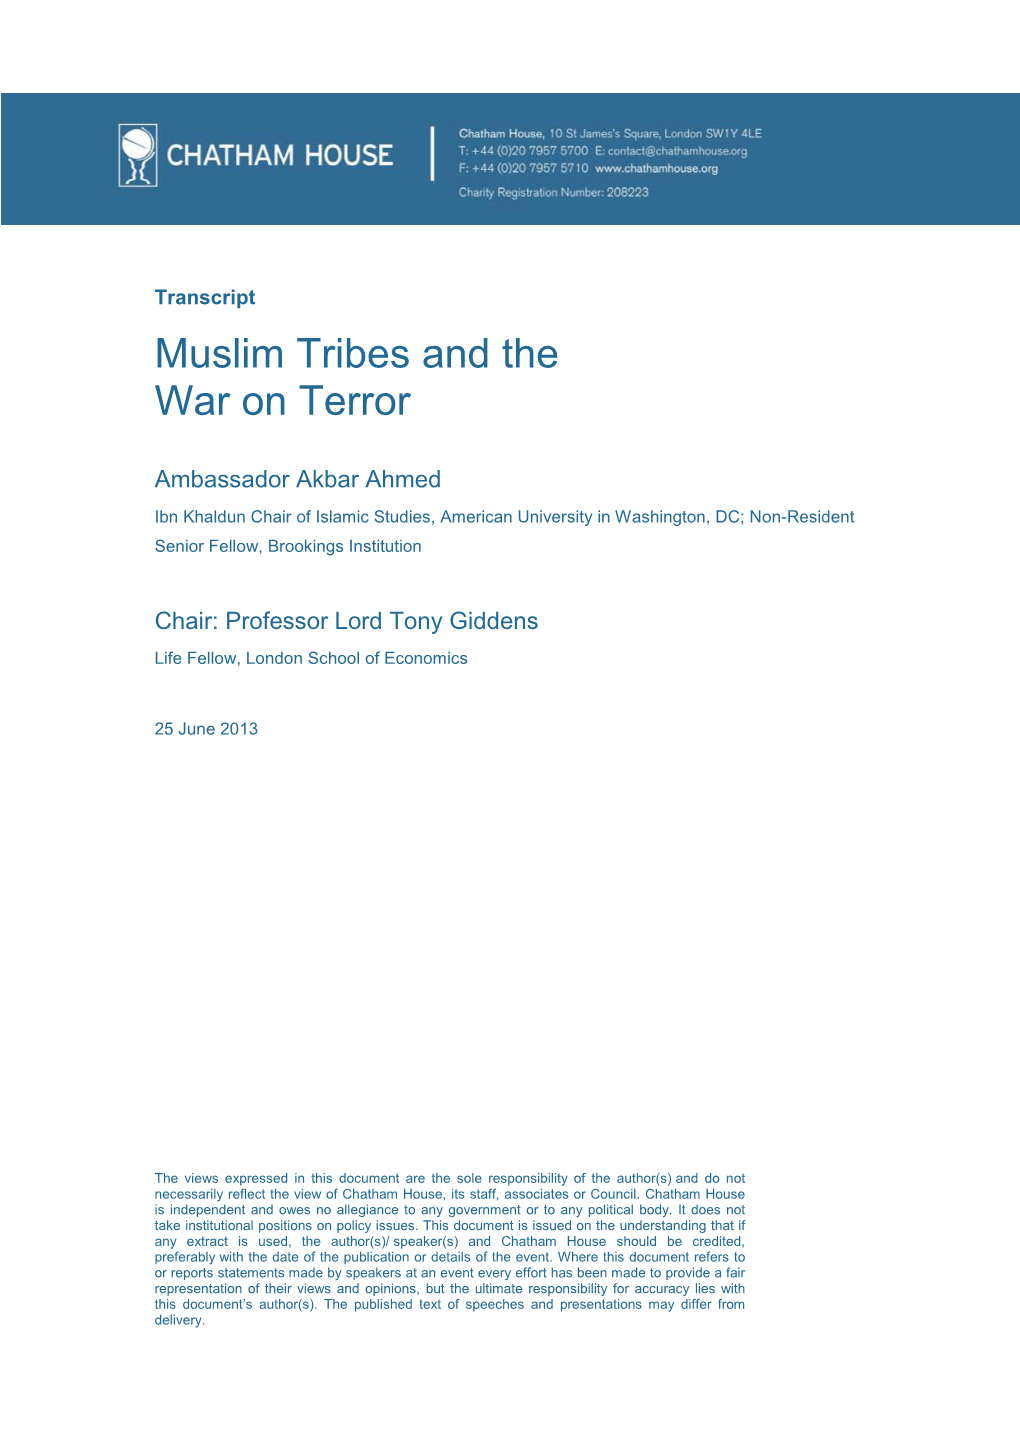 Muslim Tribes and the War on Terror
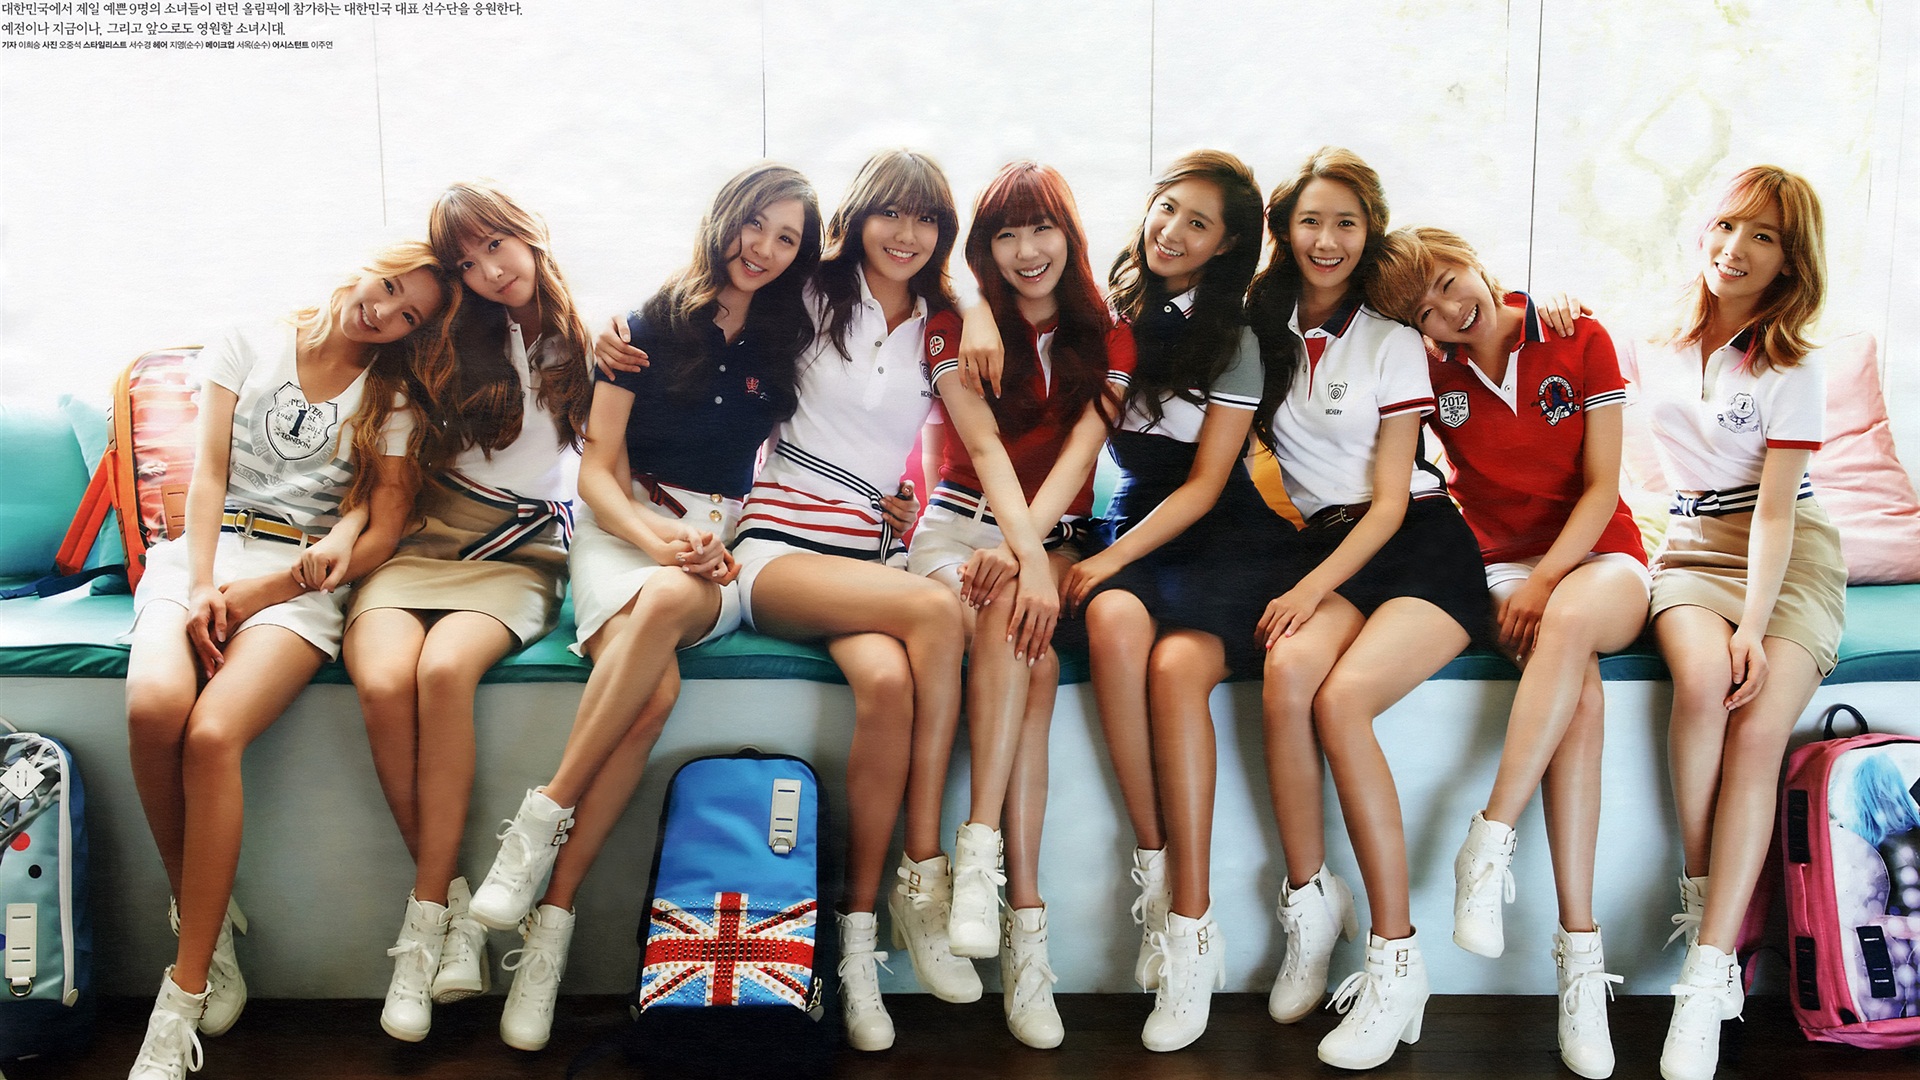 Girls Generation latest HD wallpapers collection #1 - 1920x1080
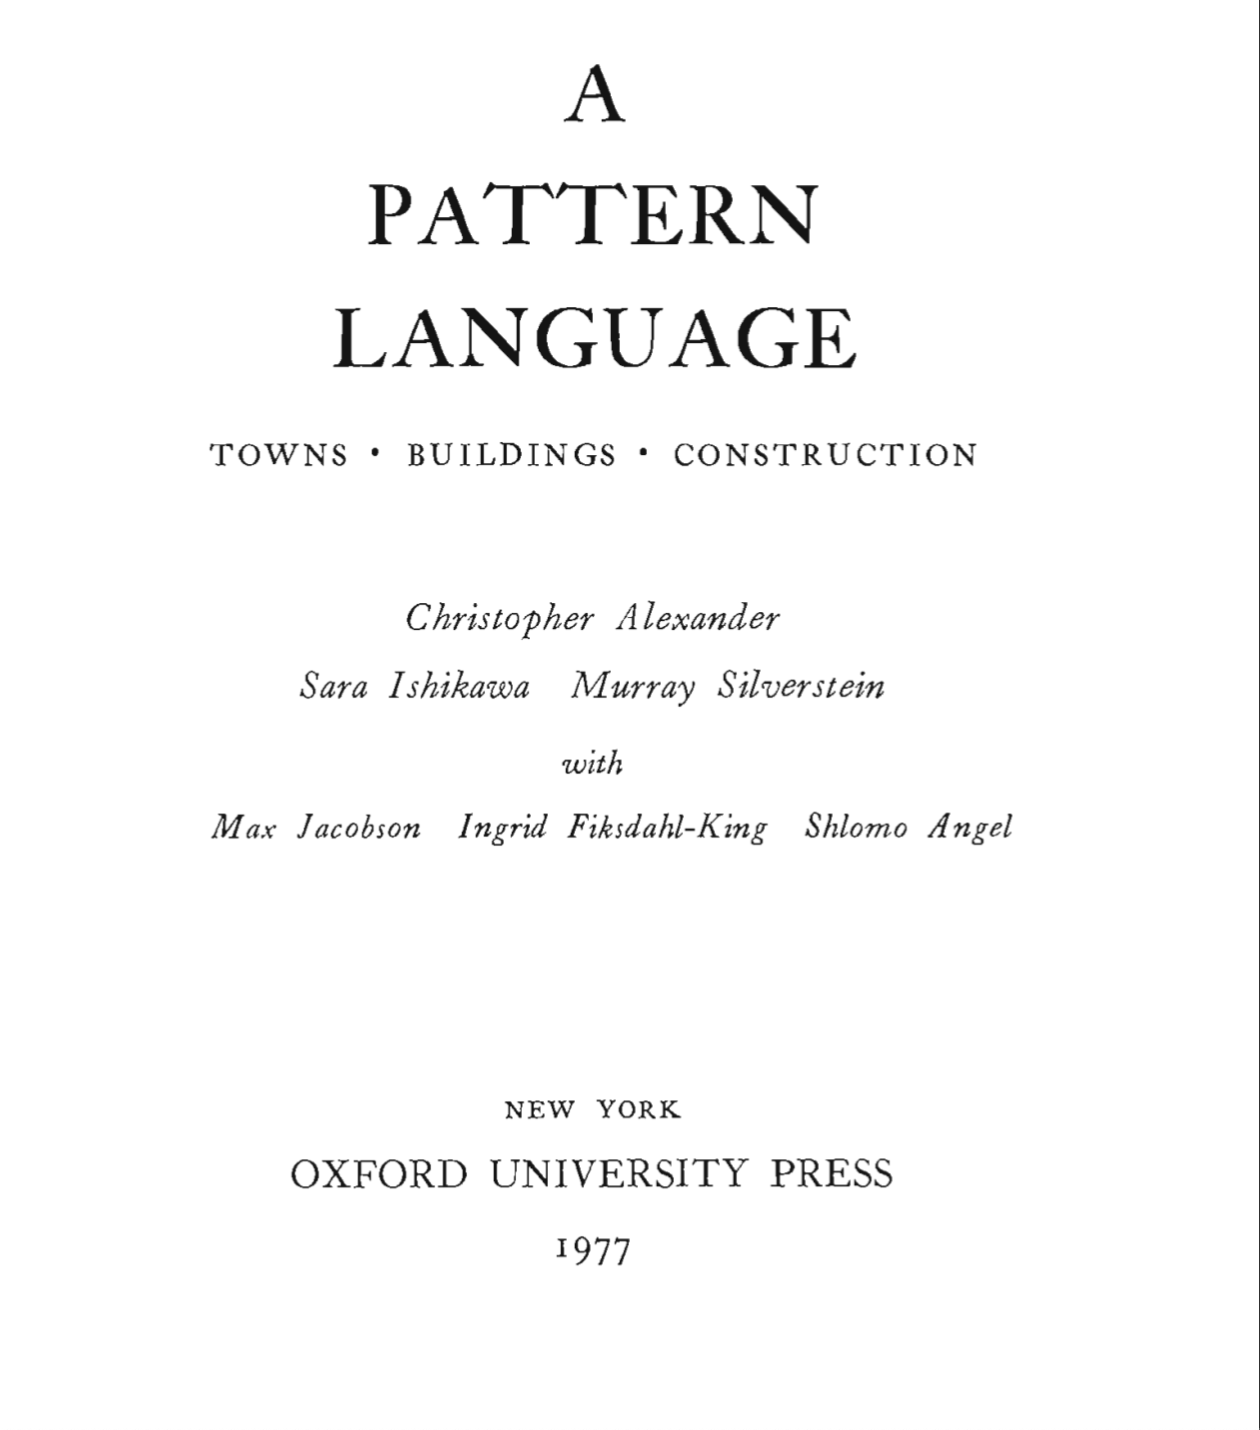 A Pattern Language Samples. (top/left) Title Page (middle 1) Contents (middle 2) Pattern 16: Web of Public Transportation is “Fed” by Prior Pattern 3: City Country Fingers and Pattern 11: Local Transport Areas (bottom/right) To “Delve Deeper” Into Achieving Pattern 16 Then See Pattern 20: Minibuses and Pattern 34: Interchanges
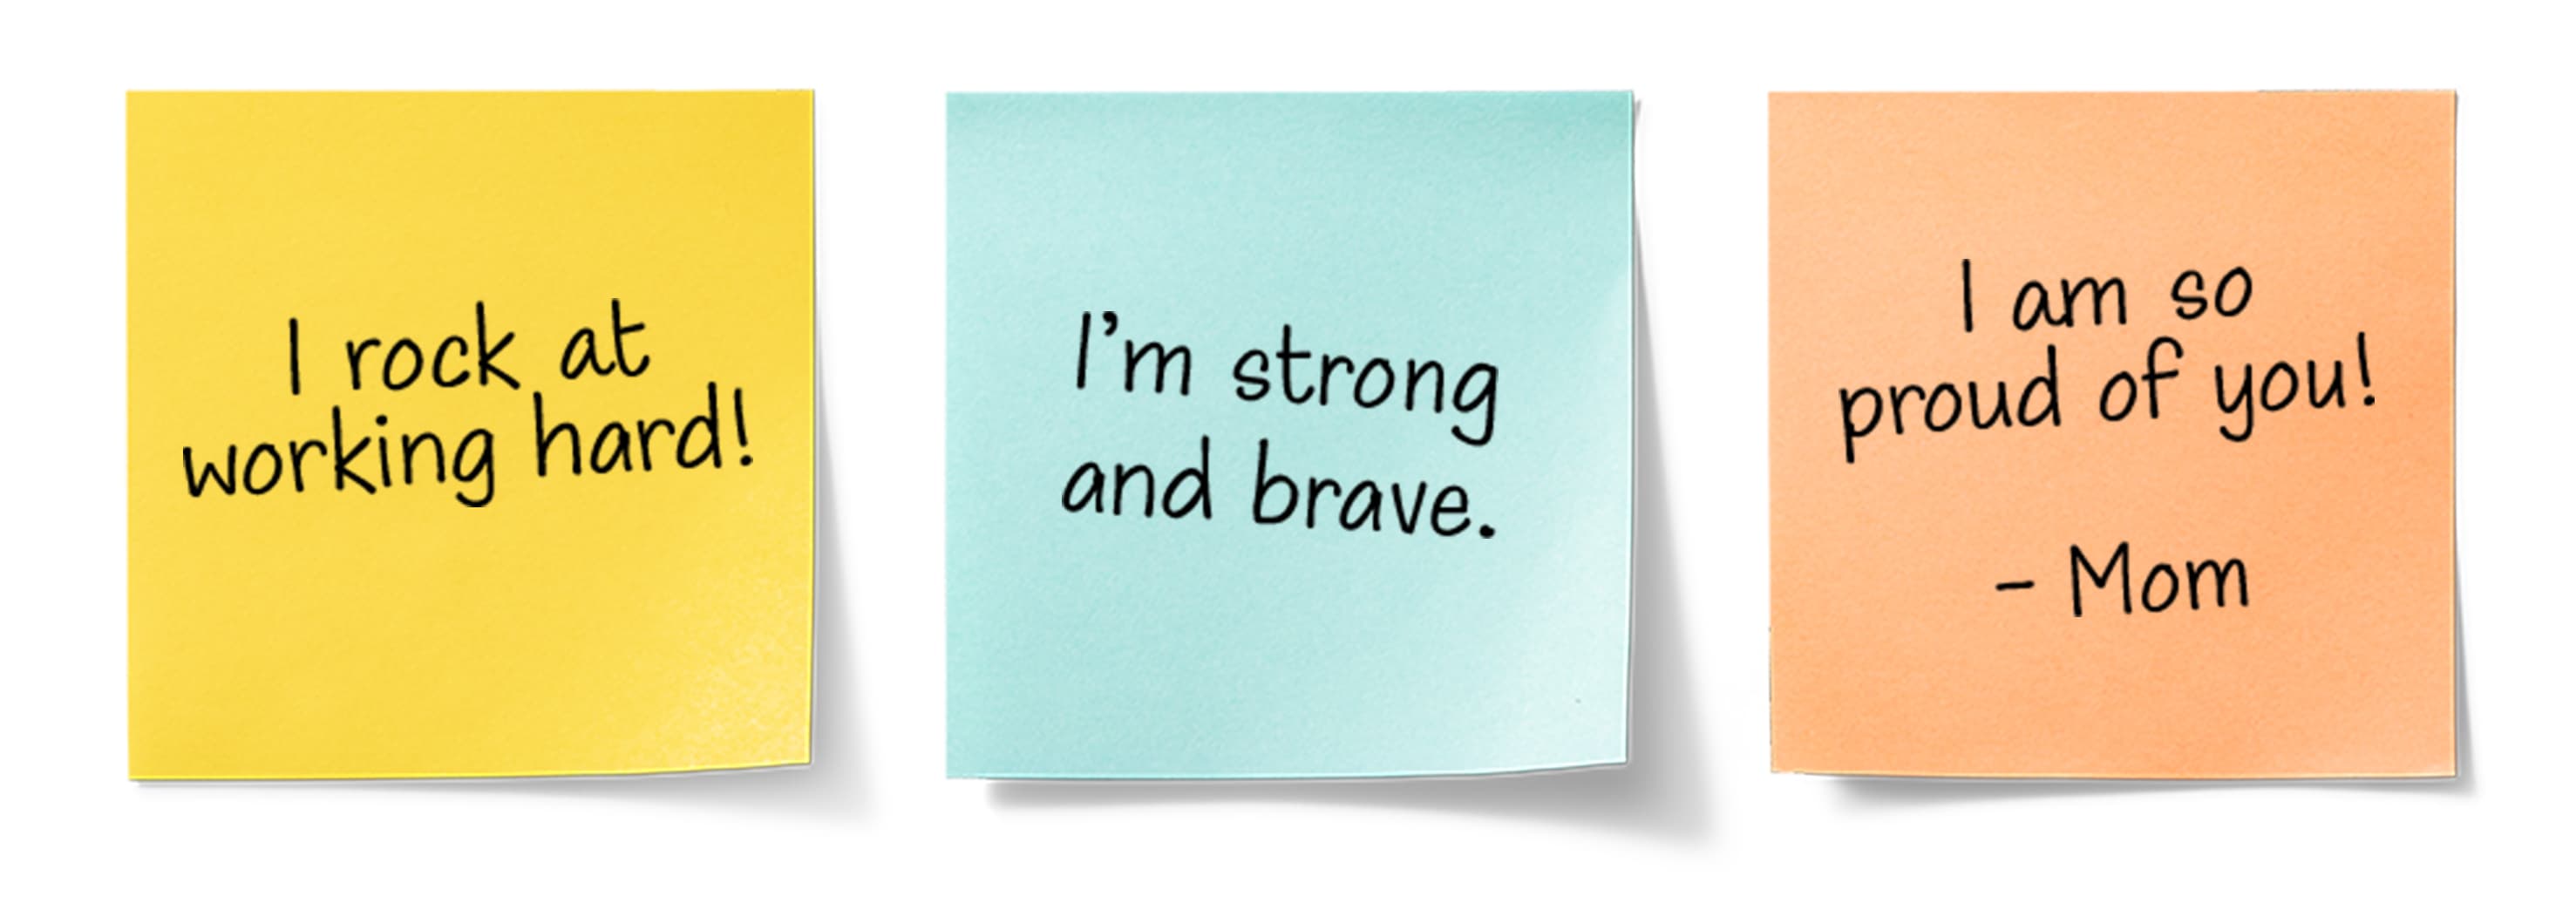 Three sticky notes that have encouraging quotes

-------------------------

• Assigned task:
Omit the pictures and write out the remaining data exactly.

• Output for this exercise:
 Muslim Tribes and the War on Terror
 Girls Generation latest HD wallpapers collection #1 - 1920x1080
 A Pattern Language Samples. (top/left) Title Page (middle 1) Contents (middle 2) Pattern 16: Web of Public Transportation is “Fed” by Prior Pattern 3: City Country Fingers and Pattern 11: Local Transport Areas (bottom/right) To “Delve Deeper” Into Achieving Pattern 16 Then See Pattern 20: Minibuses and Pattern 34: Interchanges
 Three sticky notes that have encouraging quotes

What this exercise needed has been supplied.